Panic

Beautiful Sunny Day

It’s a beautiful, sunny day here in Florida.  It is my second day alone and I am looking forward to running some errands, reading a book and maybe sneaking a walk in the park.  My first errand involves going to the local Publix supermarket to get some solid food (food poisoning during the weekend, today is my first normal day in a while).  I sit back in my car, play some 80s music and turn the corner to leave my complex.

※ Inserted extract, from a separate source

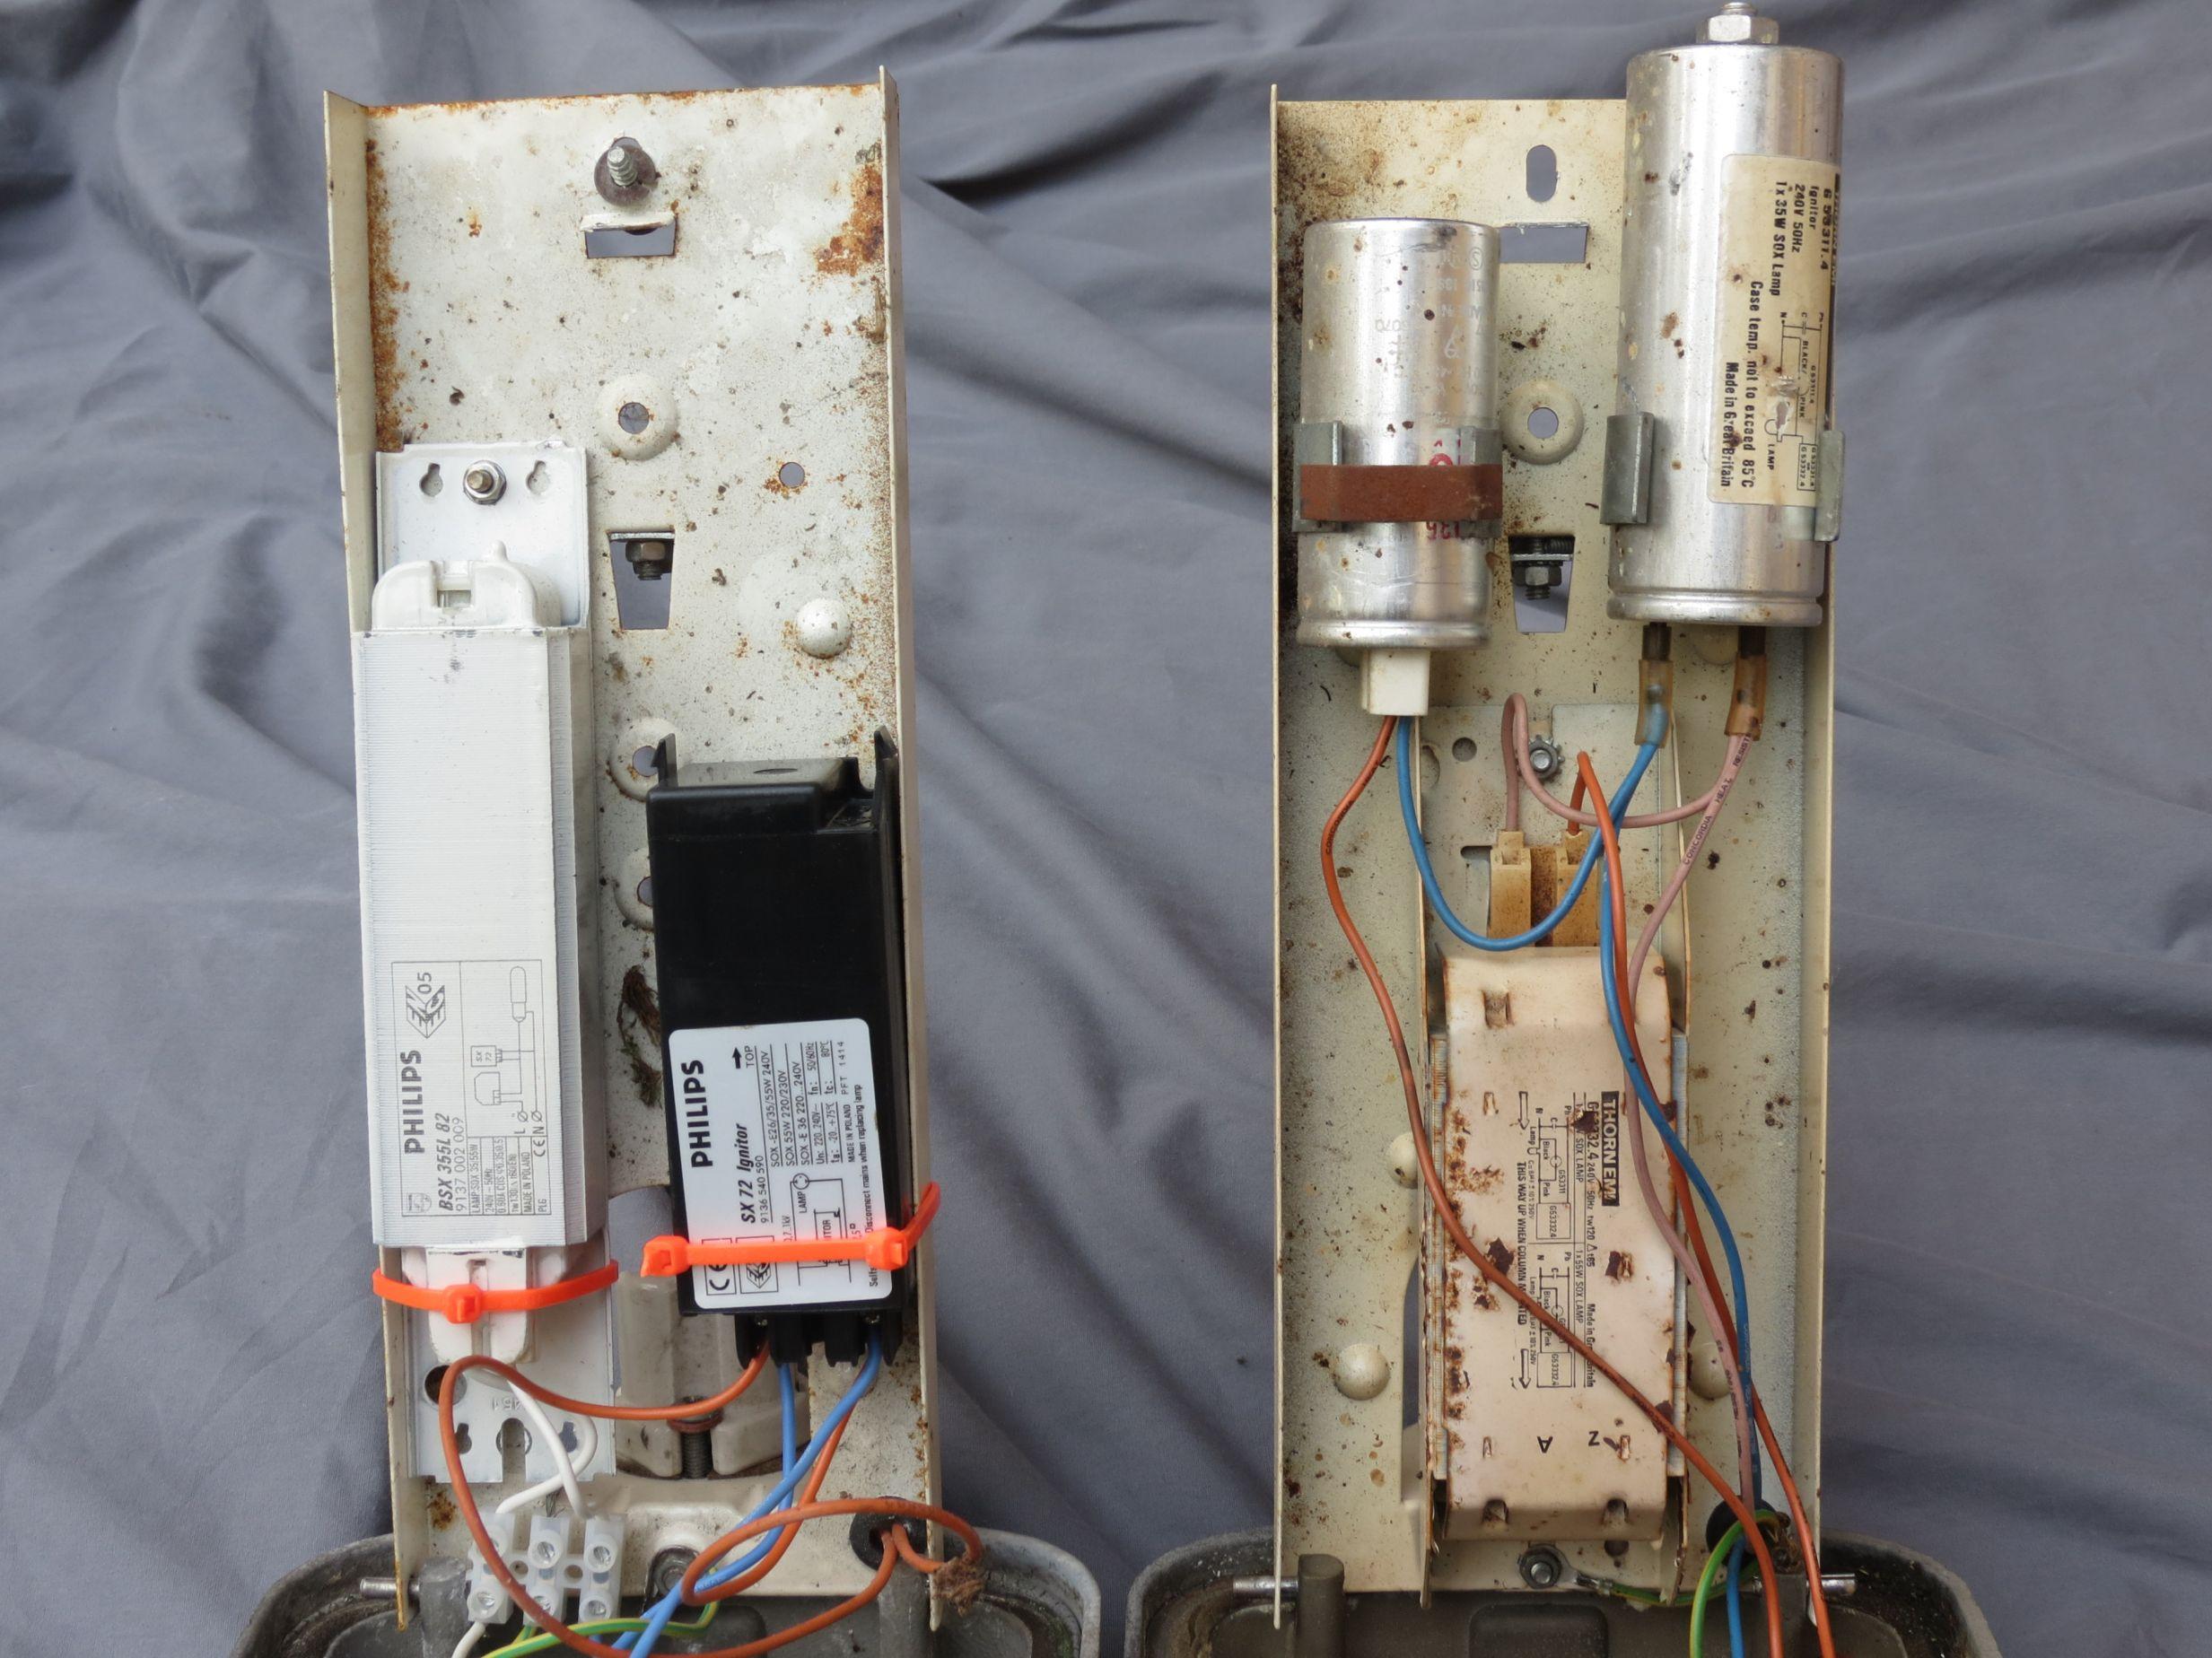 running 50hz ballast on 60hz supply
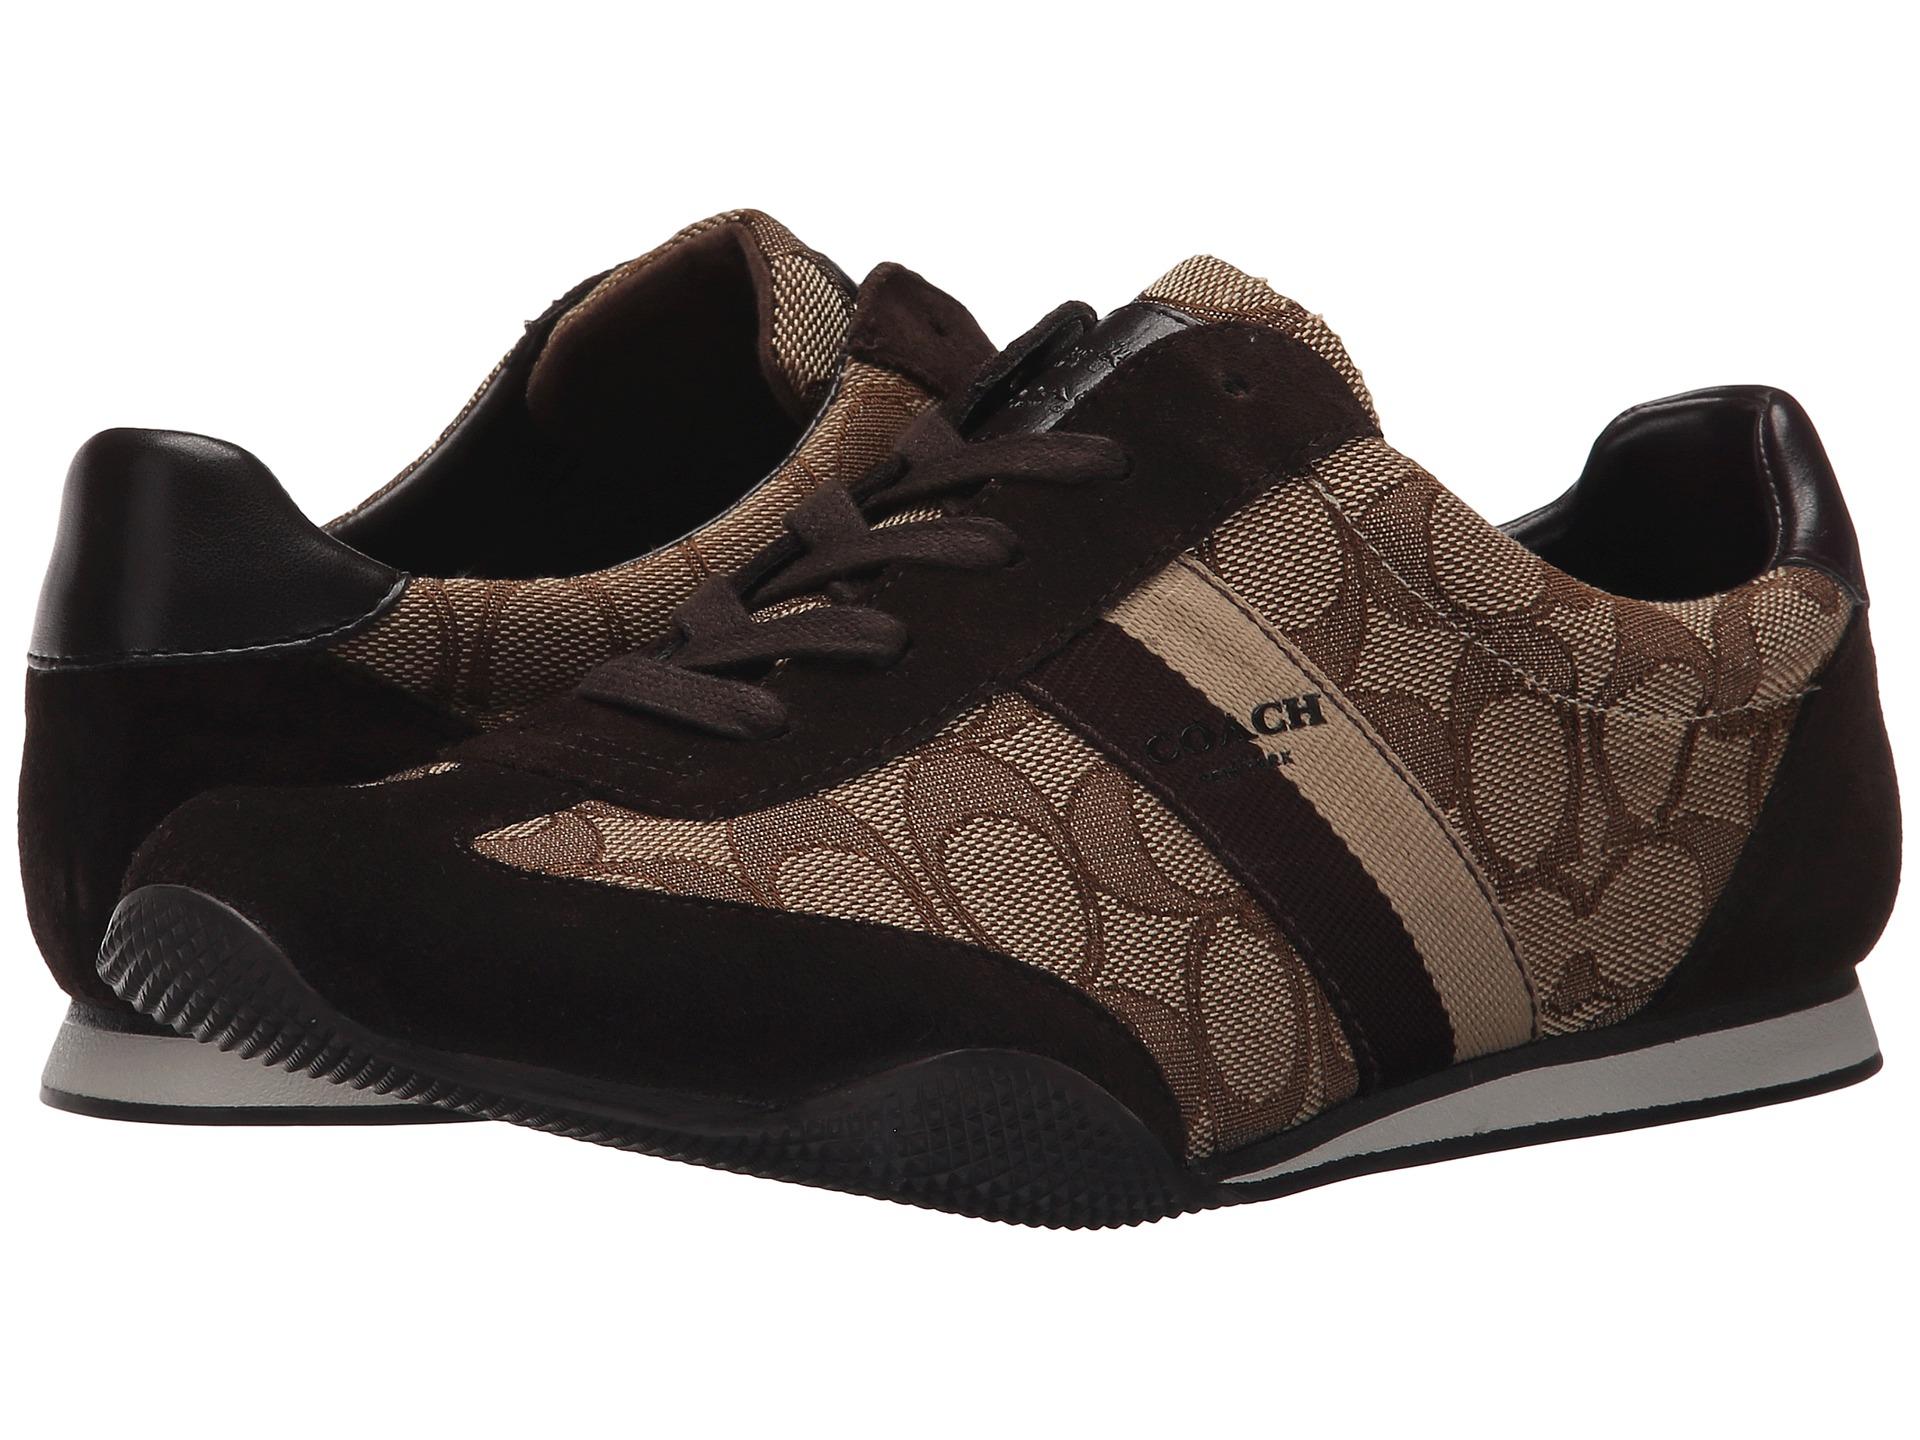 코치 켈슨 아웃라인 스니커즈 시그니처 카키 스웨이드 COACH Kelson Outline Sneakers Khaki Chestnut Sig Suede

That is when I notice it.  For some reason, my heart is pounding so loud I feel I can hear it outside of my chest.  It is, without a doubt, the scariest moment since I recovered from my ailment this weekend.  I don’t understand! Two minutes ago I was happy to be going out and now, I don’t think I am going to make it to the store less than a mile away.

I have learned to stop myself and start breathing.  I actually count how many seconds I breath in (5) and how many I breathe out (10).  Breath in – breath out.  Again.  Slow that heart rate down a little.  Make it to the parking lot.  Take another deep breath.

Ten minutes later, as I load on no good for me cereal, a water bottle, some granola bars and other pertinent snacks, I almost forgot the horrible sensation I had minutes before that the world was coming to an end, well, at least, my world.

What you just read is my description of my panic attack.  You don’t know when they are coming, how long they will last, and it always ends the same way.  I, for one, cannot understand why minutes before I thought I was going to die when I am almost skipping down the aisles of the supermarket.

Business people rarely speak about panic attacks, or any other mental health issues.  There is such a ridiculous stigma associated with the disease.  Recent studies put the number of sufferers of panic disorders at 6 million.  When you consider that the US has a population of 224 million, it is easy to see why we don’t talk about them.  It is less than 3% of the population.  It is my suspicion that the number is severely incorrect.  I, for one, usually don’t make it a habit to tell people I have them.  I also don’t take medications for depression or anxiety, because I think they are crap.  That does not mean you might not be helped by them.  I have discovered through years of experience, that I tend to develop secondary effects that are usually the realm of 5% of the population (which is why sometimes even doctors have a hard time believing me).  To give you an example, I am the rare bird that only develops the flu when given the flu shot.  Since I tend to have such horrible reactions to normal medications, I have to look at other methods to heal myself.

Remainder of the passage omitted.